In 1952, we entered that community and because of my father (who was 100% Latvian and a “good ole boy” from the old country) we had early acceptance. Despite our poverty (like most of the immigrants of the time), my parents had a fairly busy social life in the community (card parties, dinner parties, and the like). The first hitch came when my Father refused to attend church. This put everything on my mother and since we didn’t own a car (nor did my mother drive until she was well into her late forties), the constant jostling for rides etc., put us down on a lower rung of the Latvian social hierarchy. Nonetheless, my mother did her best to be active in various Latvian organizations: she sing in the Latvian choir, attended folk festivals, worked on church committees, and so forth.

In another compliance to the culture and community, my mother insisted that both my brother and I attend Latvian School on Saturdays. I can’t speak for my brother, but I’m fairly sure we both hated it.

But of course, little did the Latvians know, that my mother was also touting our German roots, singing us German folk songs, telling German folk tales, and telling us her story that revolved around her experiences within the German world of Latvia and later her years as a “re-patrioted” German. Oh yeah, she was a long way from the Latvian model.

But the breaking point in our Latvian connection came with my father’s death in 1961 and the evolving eccentricities of my mother. My mother’s status as “widow” put her in a precarious position. Twenty-five years younger than my father, she was still quite eligible for a second marriage and the women of the community found her presence threatening. At least, this is what my mother told me.

In later years, I began to see another dynamic of the “mixed breed” syndrome. With my father’s death, my mother’s German heritage became more and more apparent and questioned by the Latvians. At the same time, our small triad of a family became interested things American (particularly with my brother in high school and achieving some acclaim there). I became quite rebellious in “junior high” and wanted to stop being different and just wanted to “fit in.” I wanted to be a regular American.

Year by year, my brother and I pulled away from the Latvian community. Oh, we still celebrated the big holidays and Latvian cultural events, but I became a Latvian School drop out and set my sights on high school acceptance and elusive “popularity.”

My ultimate return to my Latvian roots is another story. But for this moment in time, I became a self-inflicted girl without a country. Because, truth be told, despite my best efforts, I remained just a bit different from my American friends and by then, had burned too many bridges in the Latvian world.

I have no one to blame by myself. I occasionally wonder what my adult life would have been like if I had put more energy into the Latvian part of me: going to Latvian summer camps, learning all the Latvian folklore & folk songs, joining a Latvian sorority, perhaps having an “authentic” folk costume sewn, and of course, making pilgrimage there. Perhaps I would have married a Latvian and insisted that my children speak the language. This was the ultimate path for first generation Lativan/Americans, the dream of the those who emigrated here, to sustain their culture.

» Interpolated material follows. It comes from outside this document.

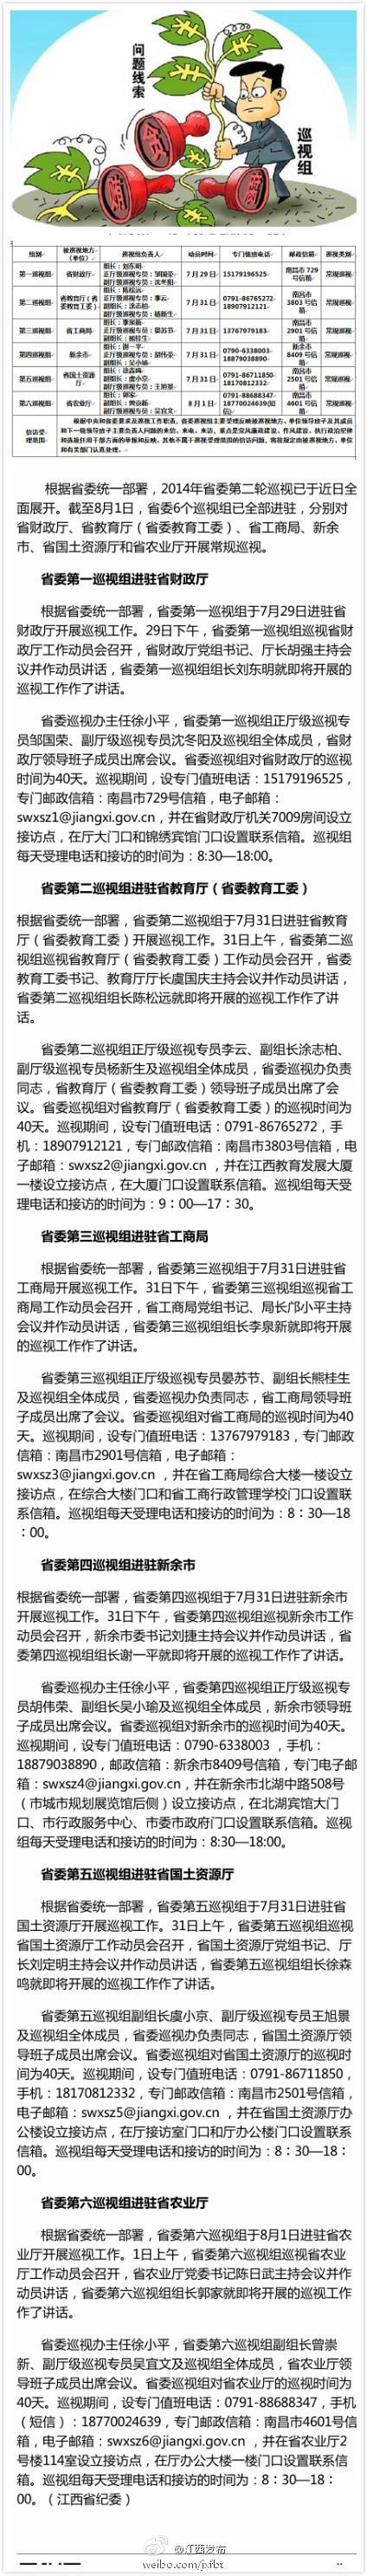 江西省第二轮巡视组全部进驻

In the days of the Cold War, all the way up until 1991, it was a point of pride for many Latvians (and really, any of the Baltic peoples), to protect their heritage while the Soviet Union did everything it could to destroy it back home. Their ultimate dream was that the Iron Curtain would come down and all satellite countries would be free again.

But for a teenager or even a twenty-something off to live life, the idea of a free Latvia was absurd and the fall of the Soviet Union an impossibility.

So much for impossibilities. The curtain did come down in 1991 and many stalwart Latvian/Americans returned to their homeland. Not me. Not until much later. Much, much later did I yearn to know and to go back. Almost too late. Almost.